_What the task asks_: Everything in the listing below needs restating exactly, apart from the pictures.

_Exercise data_:
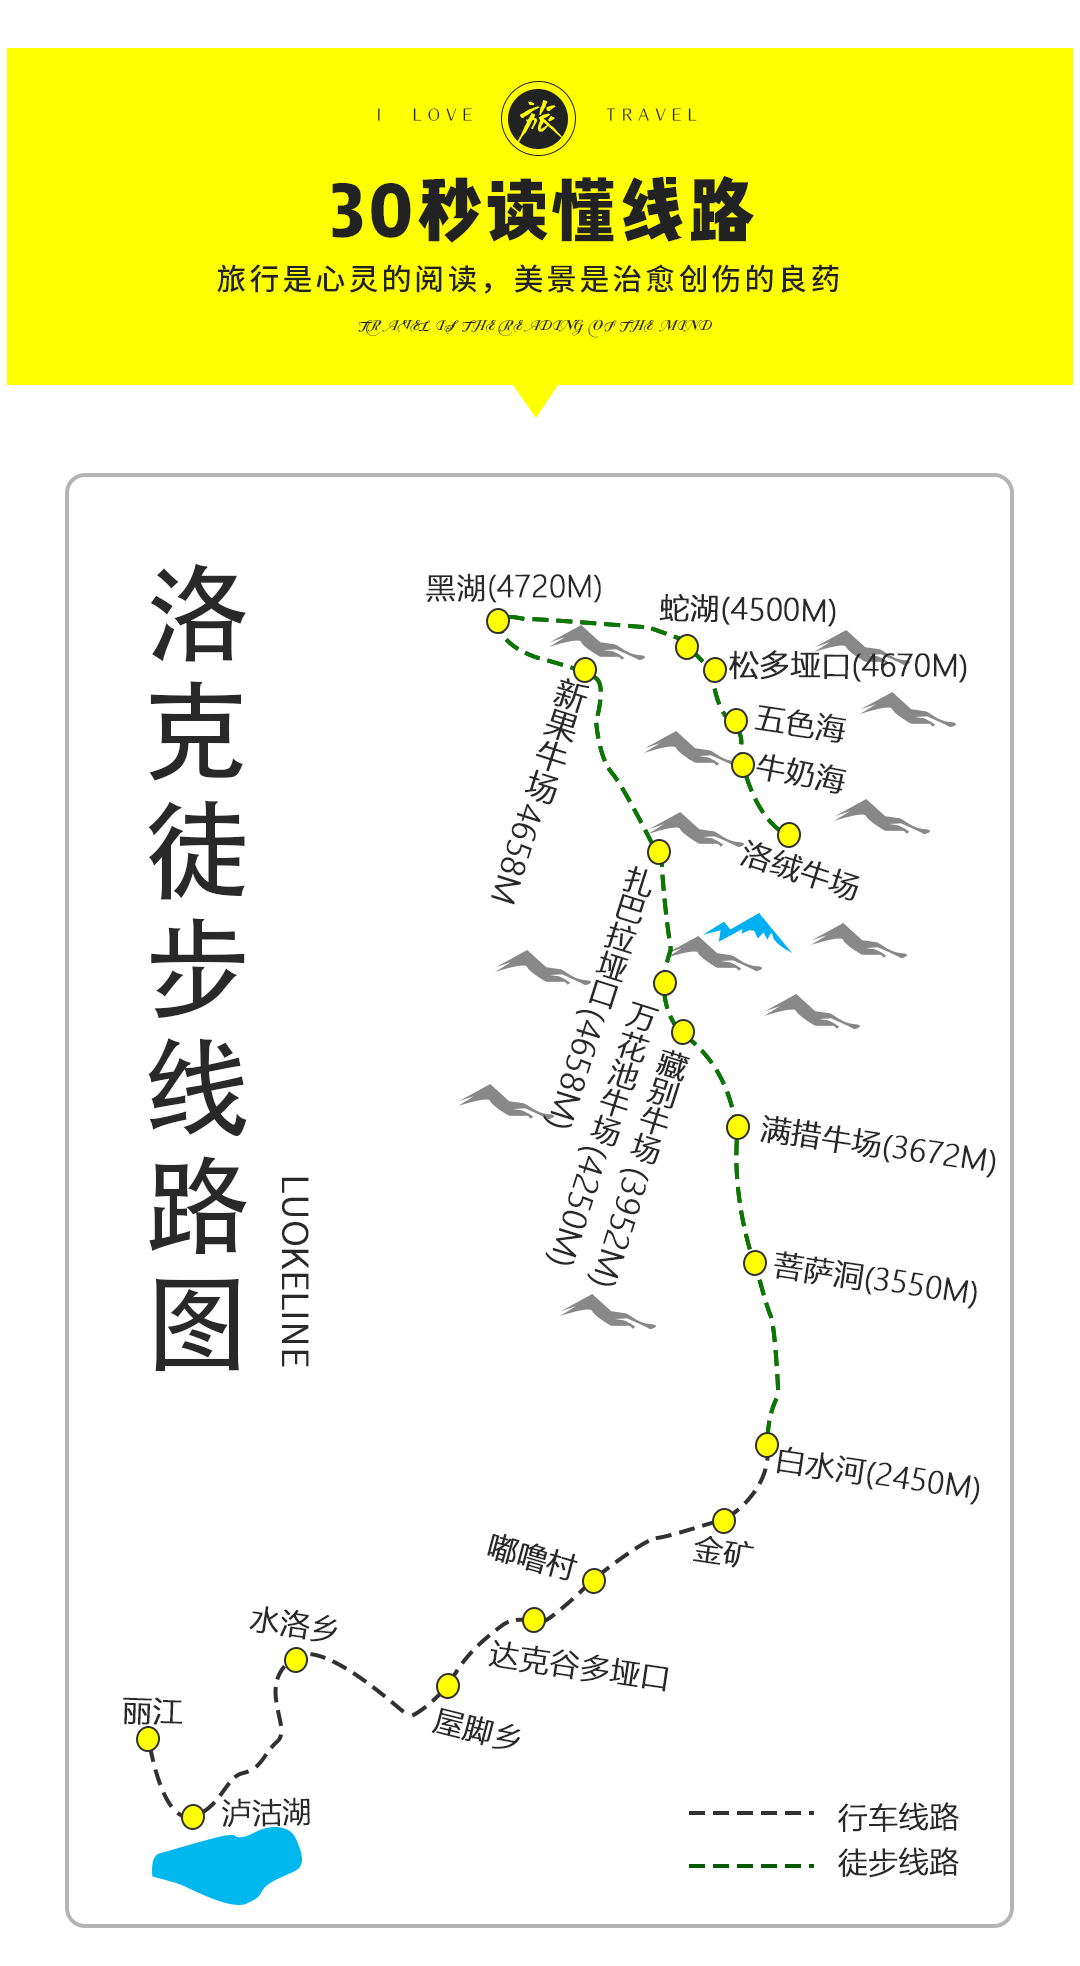 洛克线徒步从泸沽湖穿越至稻城亚丁7日游重走探险家洛克之路(提前下单
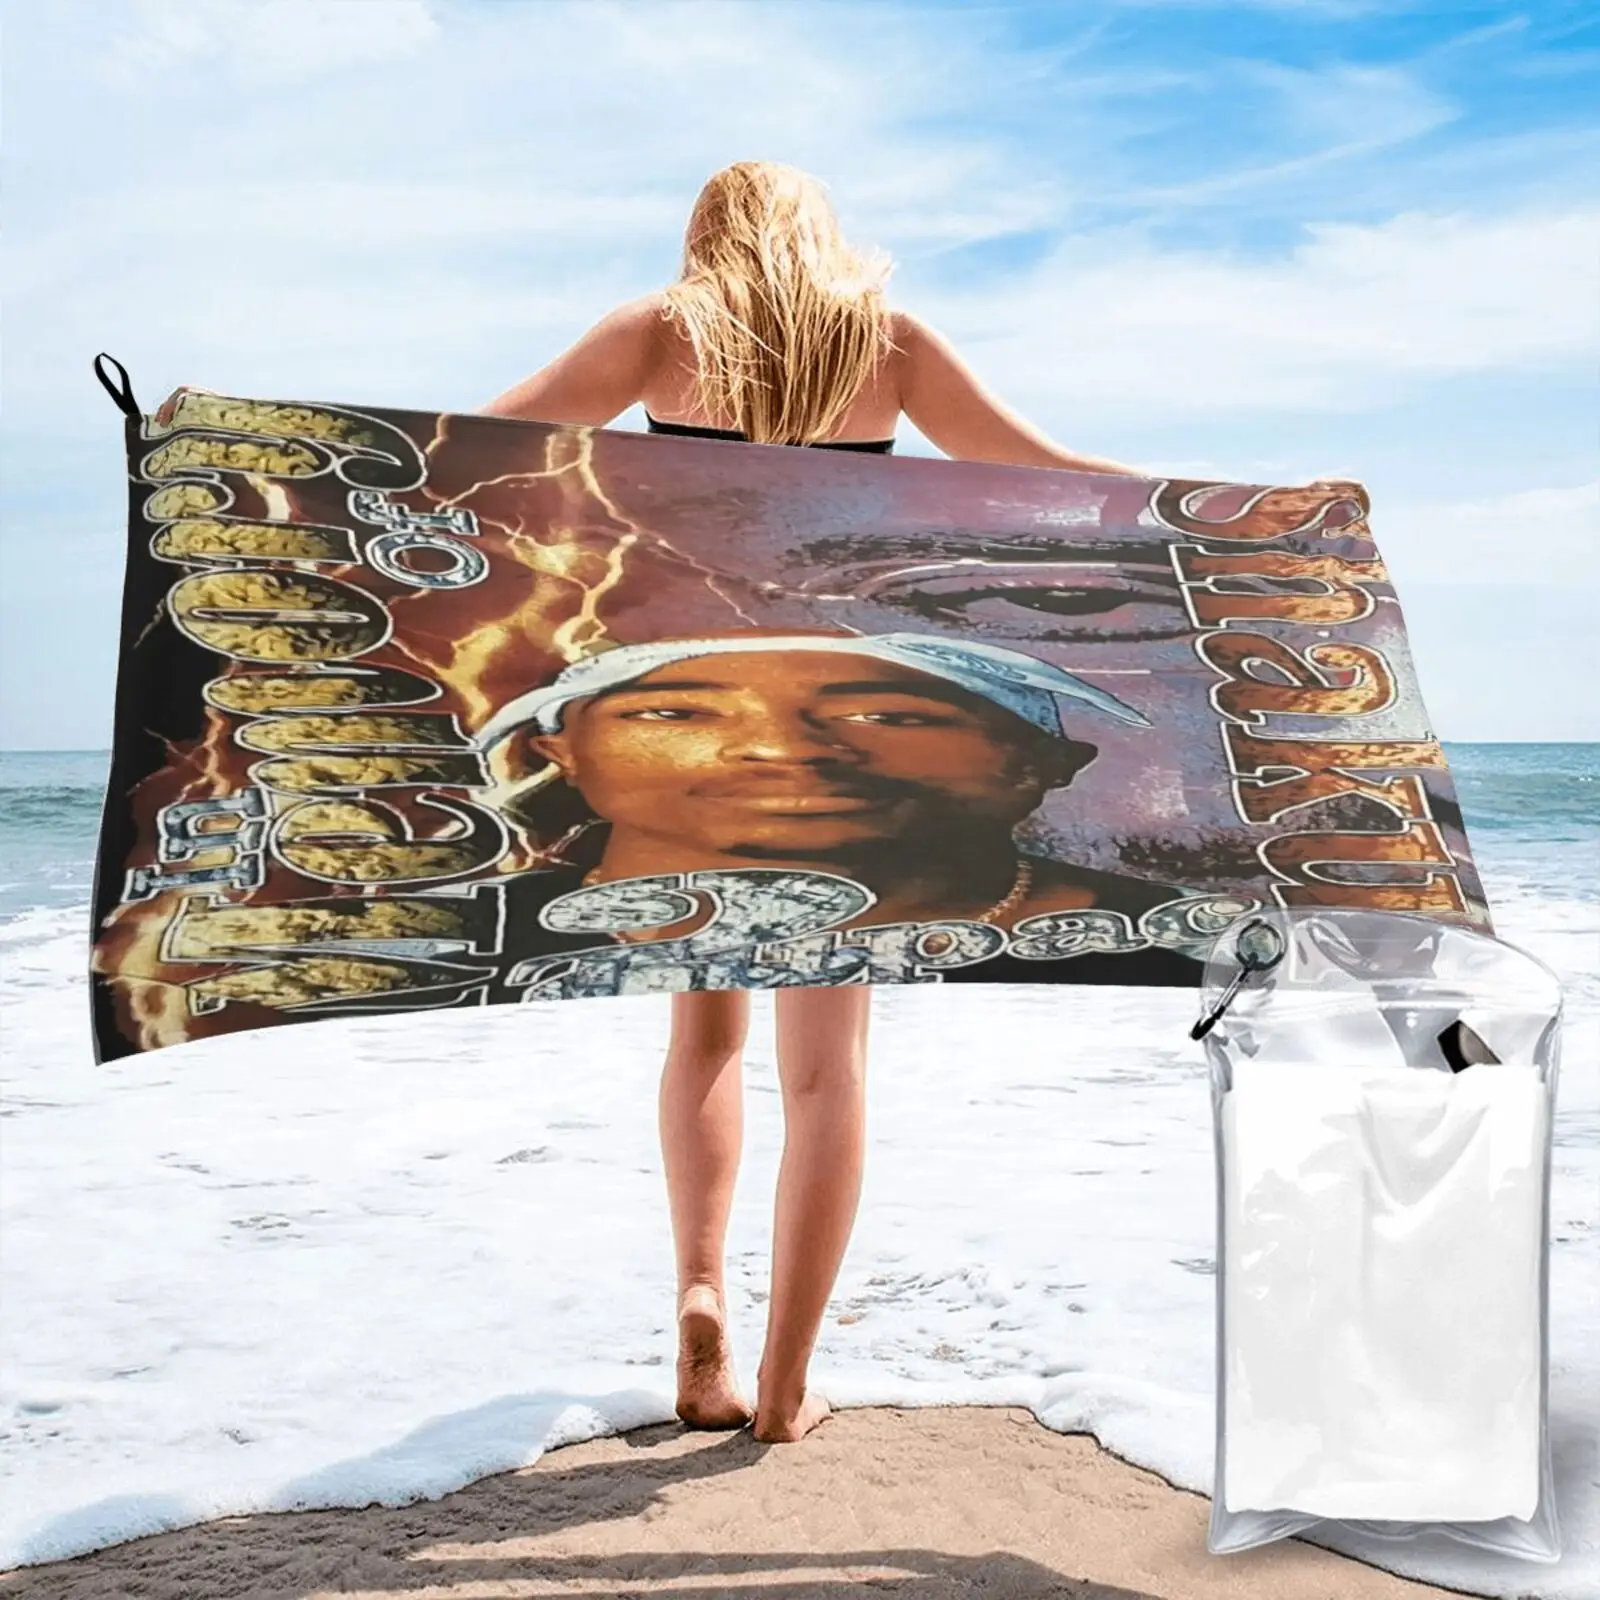 

Tupac Shakur 2Pac Rip Pm25 фильтрующее полотенце для дома пляжное одеяло полотенце пляжное полотенце роскошное для пляжа банный халат для женщин
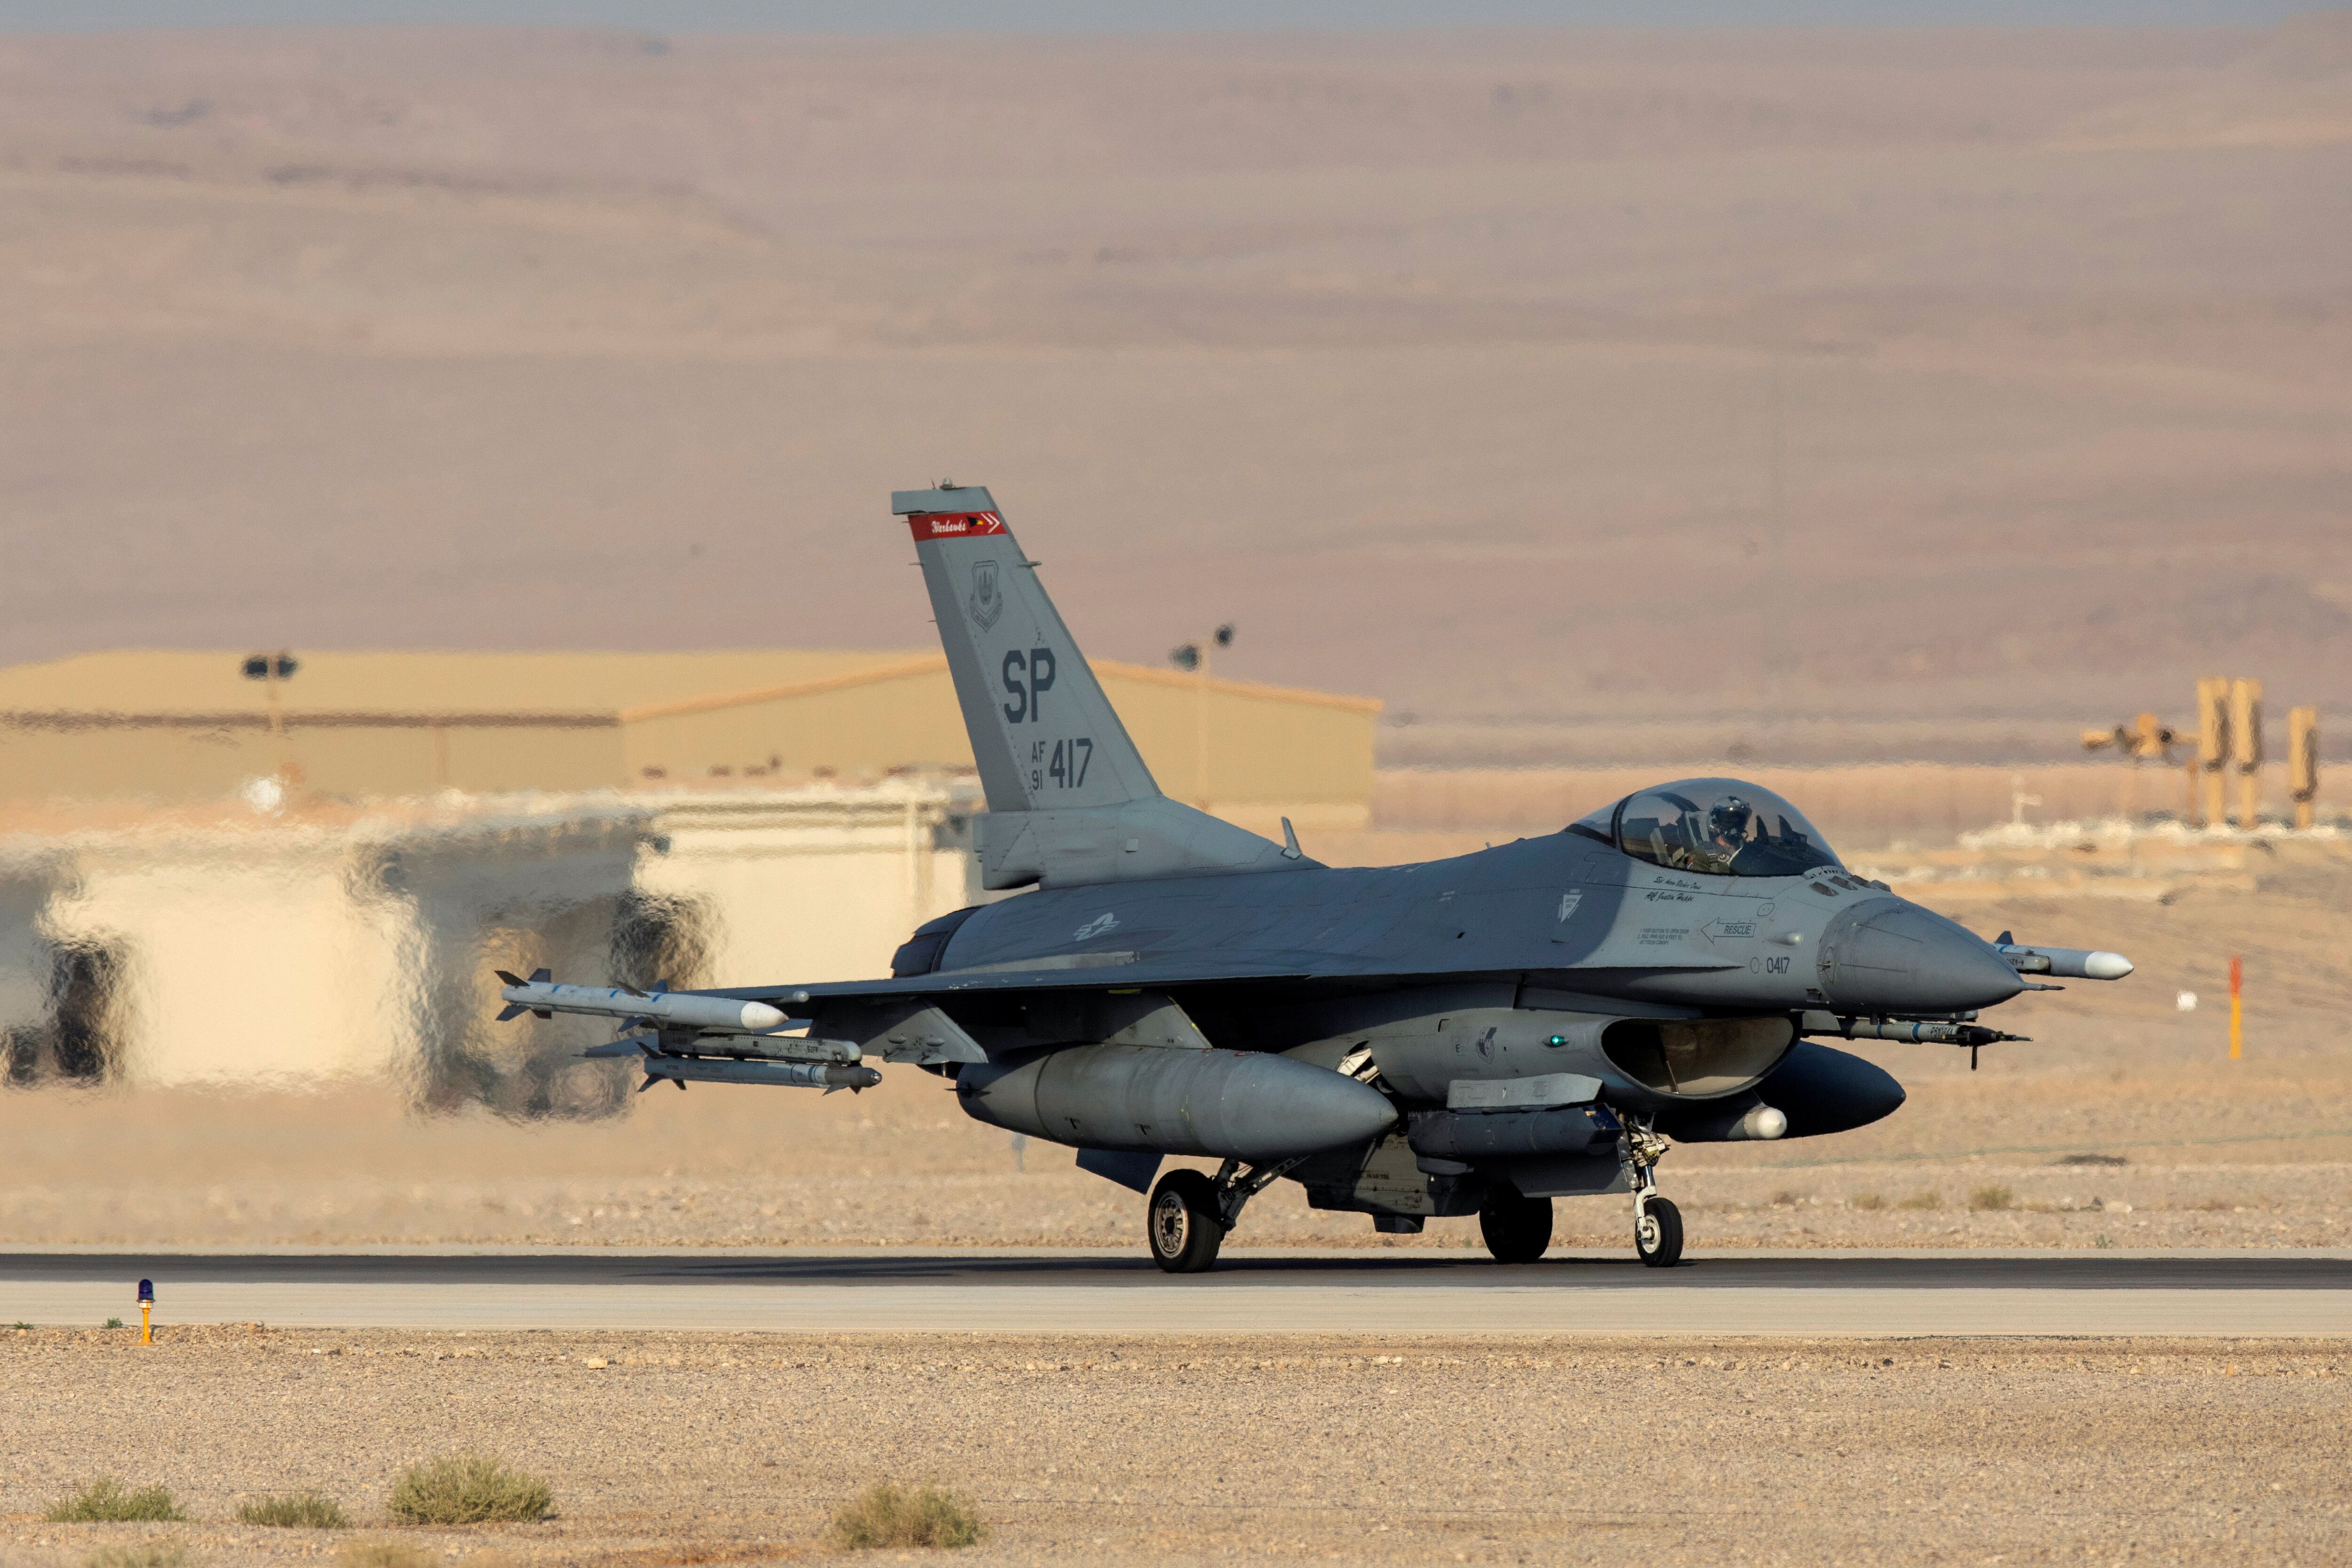 Un avión F16 estadounidense se ve en la pista durante un ejercicio aéreo, en noviembre de 2019 (Reuters)

_Response area_:
 洛克线徒步从泸沽湖穿越至稻城亚丁7日游重走探险家洛克之路(提前下单

Tupac Shakur 2Pac Rip Pm25 фильтрующее полотенце для дома пляжное одеяло полотенце пляжное полотенце роскошное для пляжа банный халат для женщин
 Un avión F16 estadounidense se ve en la pista durante un ejercicio aéreo, en noviembre de 2019 (Reuters)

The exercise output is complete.